Выбрать главу

Ему припомнились долгие душ­ные вечера того необычайно жаркого лета, когда они, вдво­ём с Евгенией (молодой его супругой) отмеряли неблизкий путь к своей каморке с дверью, выходившей прямо во двор, без сеней, и поэтому, конечно, столь же душной, как и то ас­фальтовое марево, сквозь которое они шли. Впрочем, слова: “во двор”, которые я только что произнёс, кажутся мне че­ресчур смелыми. На деле, дверь их каморки, - которая была ничем иным, как летней кухней, с кухонной голландской пе­чью посредине, - выходила в узкий, не более четырёх футов, проход вдоль дощатого забора, - всё, что осталось от многа­жды поделенного двора. Кухоньку эту, в качестве жилья, они снимали у одинокой, пожилой и старомодной бабы, которая пыталась скомпенсировать своё неумение жить мелкой хитростью и столь же мелкой скаредностью.

Старинная Дерзкая Слободка, где поместилось первое их, с Евгенией совместное жильё, была застроена очень густо. В ней почти не осталось места для садиков и палисадничков: кругом пыхал жаром нагретый асфальт, и поэтому духота лета ощущалась здесь особенно сильно, а вонь тысяч вы­гребных ям ещё более сгущала воздух.

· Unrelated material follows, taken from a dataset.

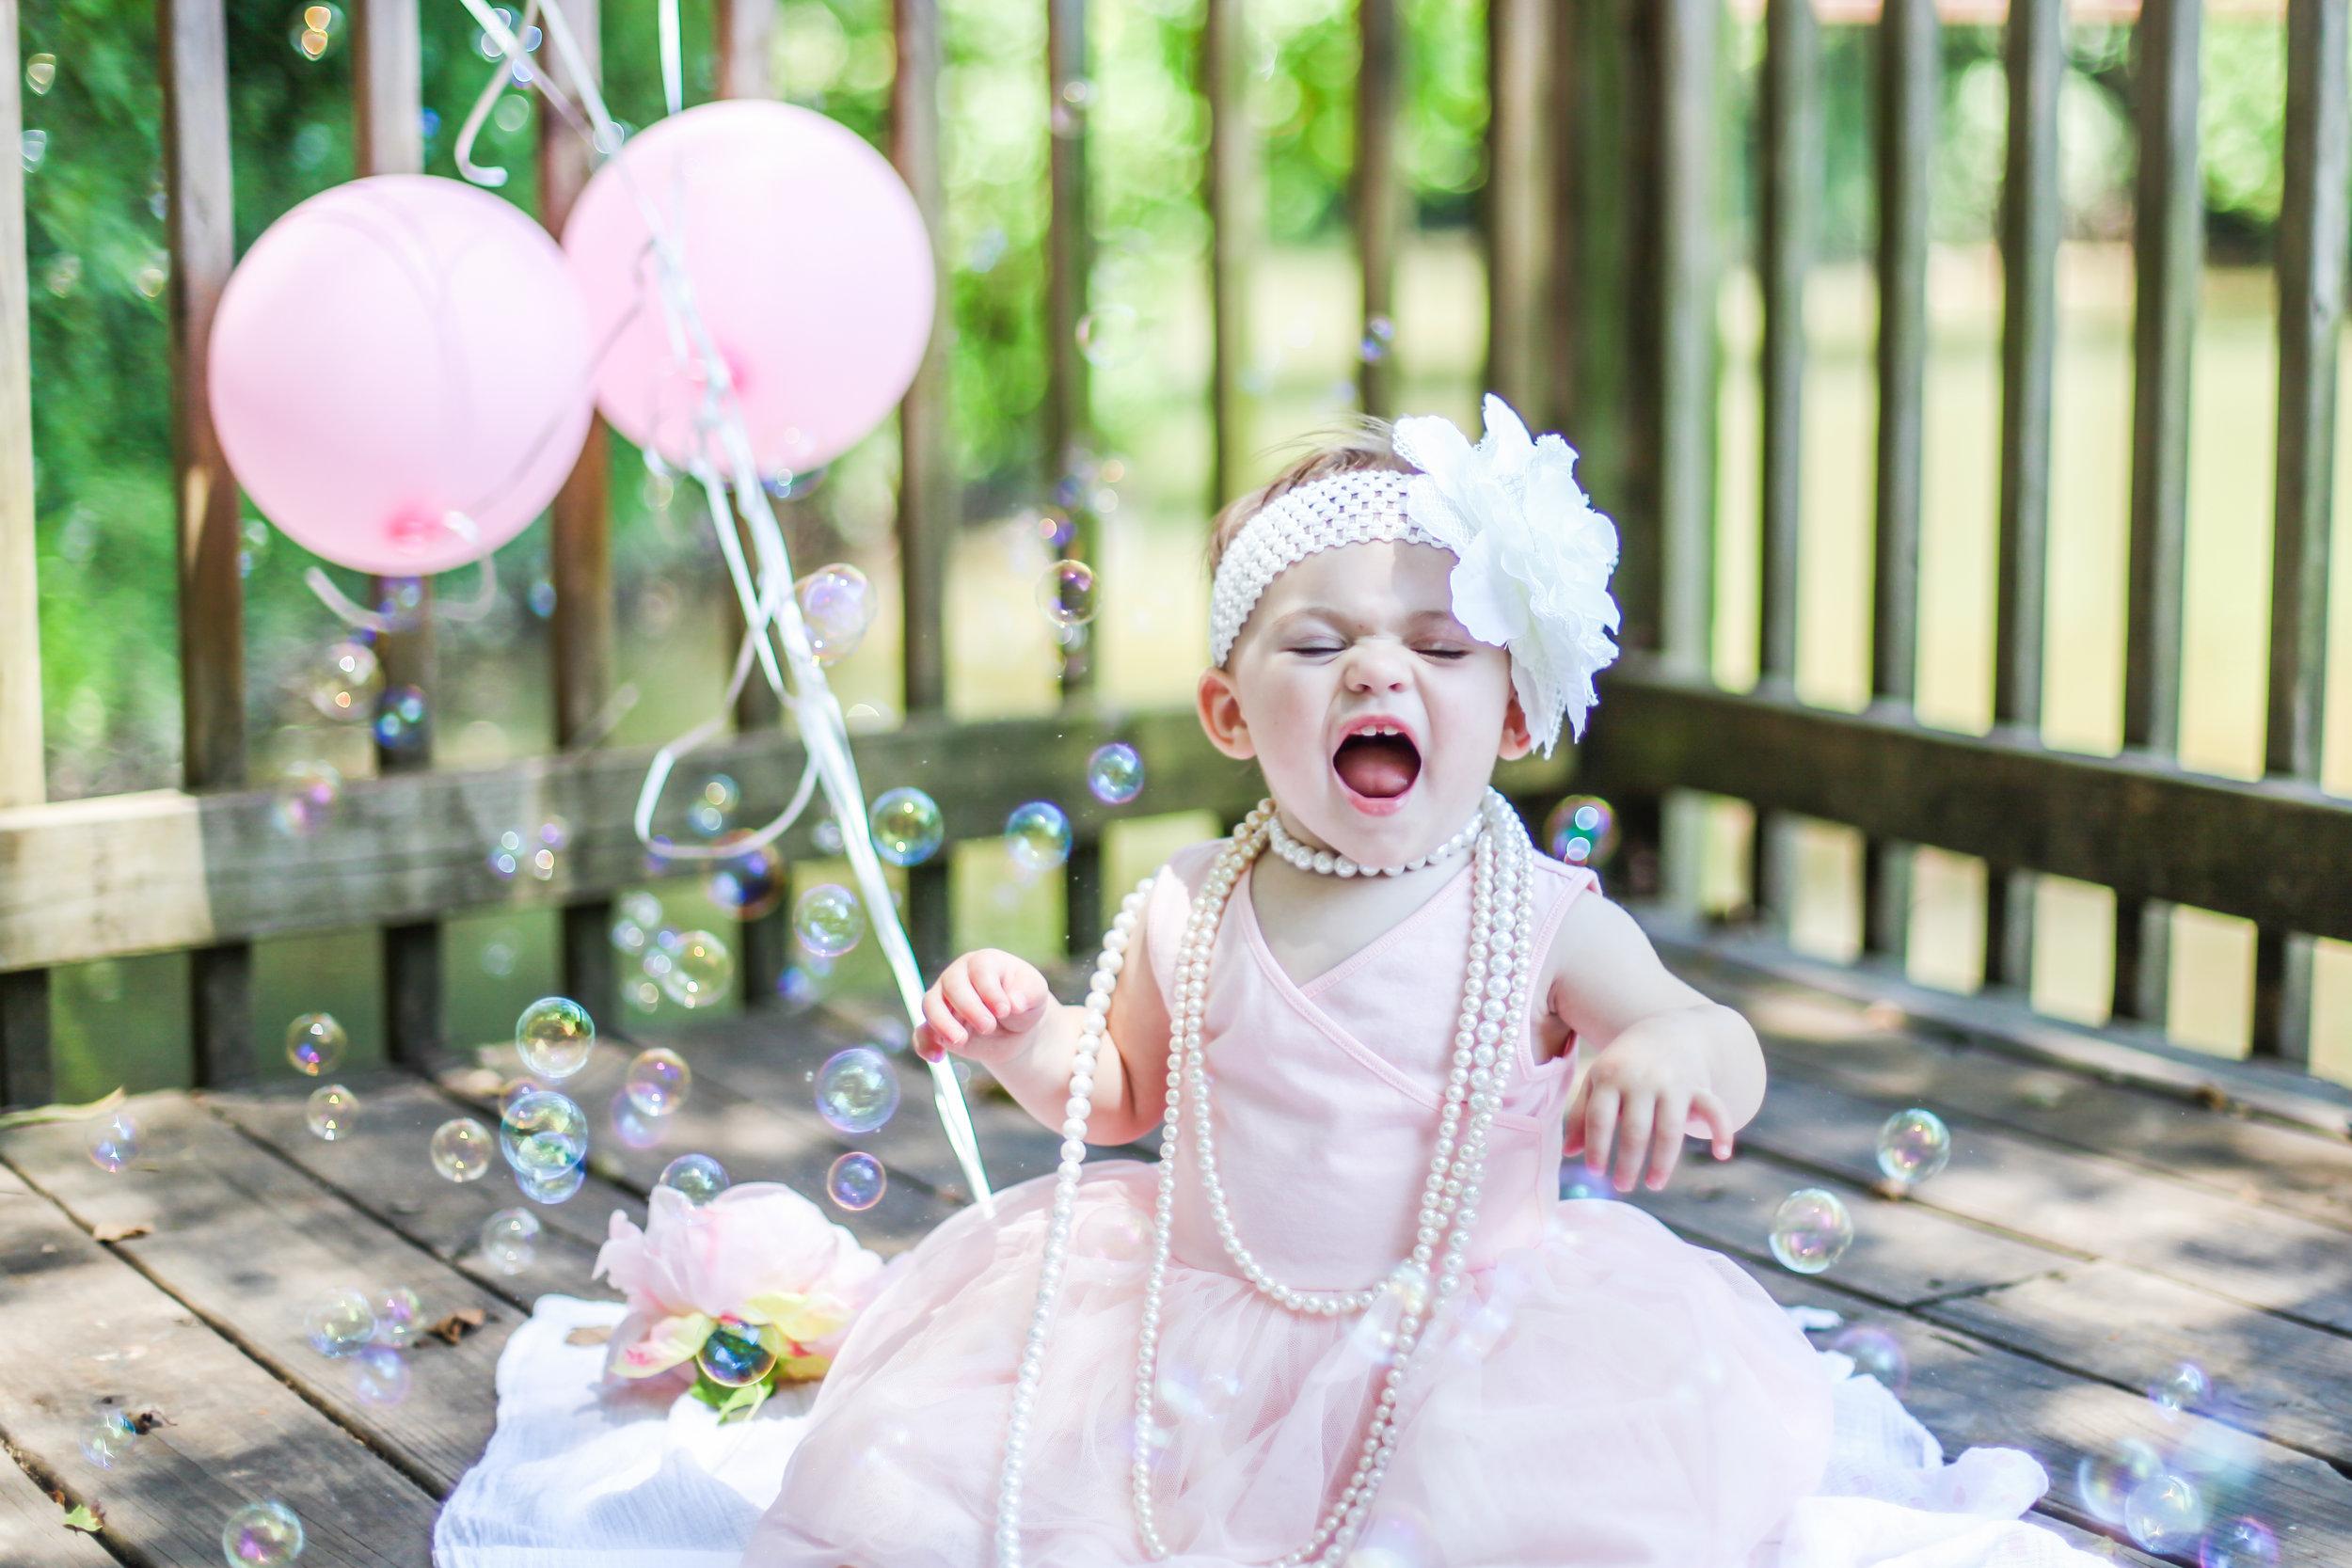 woodstock baby photography angela elliott-49.jpg

Ежедневно они возвращались по вечерам пешком, пре­небрегая трамваем, который правильнее было бы называть электрической конкой, и езда на котором не относилась к числу приятных занятий горожан, - а Илья с Евгенией ещё на­деялись жить приятно.

Во время этих долгих путешествий домой из цен­тральной части города, где они вкушали “блага цивилиза­ции”, Илья разражался не менее долгими, чем дорога, фи­липпиками против родителей, - как своих, так и, в особенно­сти, против родителей Евгении, которые олицетворяли собой старшее поколение в целом. Он обвинял их в том, что мир, который они построили, и который они продолжают под­держивать, - плох. Но возмущал душу не этот факт, сам по себе, а то, что им, молодым, теперь нужно было выживать в этом отнюдь недружелюбном и небезопасном мире, про который им рассказывали прекрасные сказки. Хуже того, их убедили, что мир этот улучшается, и в обозримом будущем достигнет совершенства; на деле же оказалось, что лучшее уже позади, и общество быстро гниёт и поедается червями.

Обо всём этом можно было заключить, слушая его гневные речи. Тем не менее, если бы технически вооружённые психологи измерили душевную силу его обвинений в адрес родителей, и попробовали сложить её из указанных компонент, то обнаружили бы, что баланс душевной экономии не сходится. Значит, за этим крылось что-то ещё, чего Илья не высказывал, и, может быть, скрывал от себя самого. Однко автор, знающий о своих героях почти всё, может, в интересах читателя, раскрыть сию тайну.

А дело было в том, что Илья, переставший обманываться относительно советского строя, испугался и не решился пойти по открывшейся ему смертельной стезе политической борьбы с режимом. Он спря­тался в семейную жизнь, и сузил свои горизонты её рамками. Это сужение сильно стеснило его негативную энергию и, соответственно, увеличило её напор. Ну и, кроме того, - что греха таить, - стыд за свою трусость и чувство вины он перенёс на родителей, сделав их ответственными за свой нравственный дискомфорт. В результате, чуть ли не все беды общества сводил он теперь к последствиям безответственности, бездушия и эгоизма всех и всяческих ро­дителей, вспоминая и подшивая к делу многие известные ему факты и вымыслы.

Реальные проблемы жизни, разумеется, от этого не исчезали. Они происходили от ущербных вещей и обстоятельств, которых нельзя было быстро по­править, починить. В частности и потому, что они происходили также и от недостатков и слабостей самих Ильи и Евгении; и, равным образом, от пороков великого множества людей. Многие из этих пороков Илья “понимал”, в русском смысле этого слова, и потому прощал, как прощал эти пороки себе. так же он “понимал” Евгению, иэтолишало его твёрдости. Он уступал и, в то же время, сознавал своё отступничество. Это приводило к кризису самооценки, и сопровождалось стрессом..

Он ис­кал иллюзорного выхода и облегчения в ламентациях и приговорах; в бесконечных критических изысканиях на предмет родительских грехов, исправить ко­торые можно было лишь одним путём - не совершая их вновь. По­этому Илья погружался в прошлое, мысленно реконструируя его: поступая правильно вчуже, и, с амвона своей умо­зрительной праведности обличая “предков”, поступивших иначе.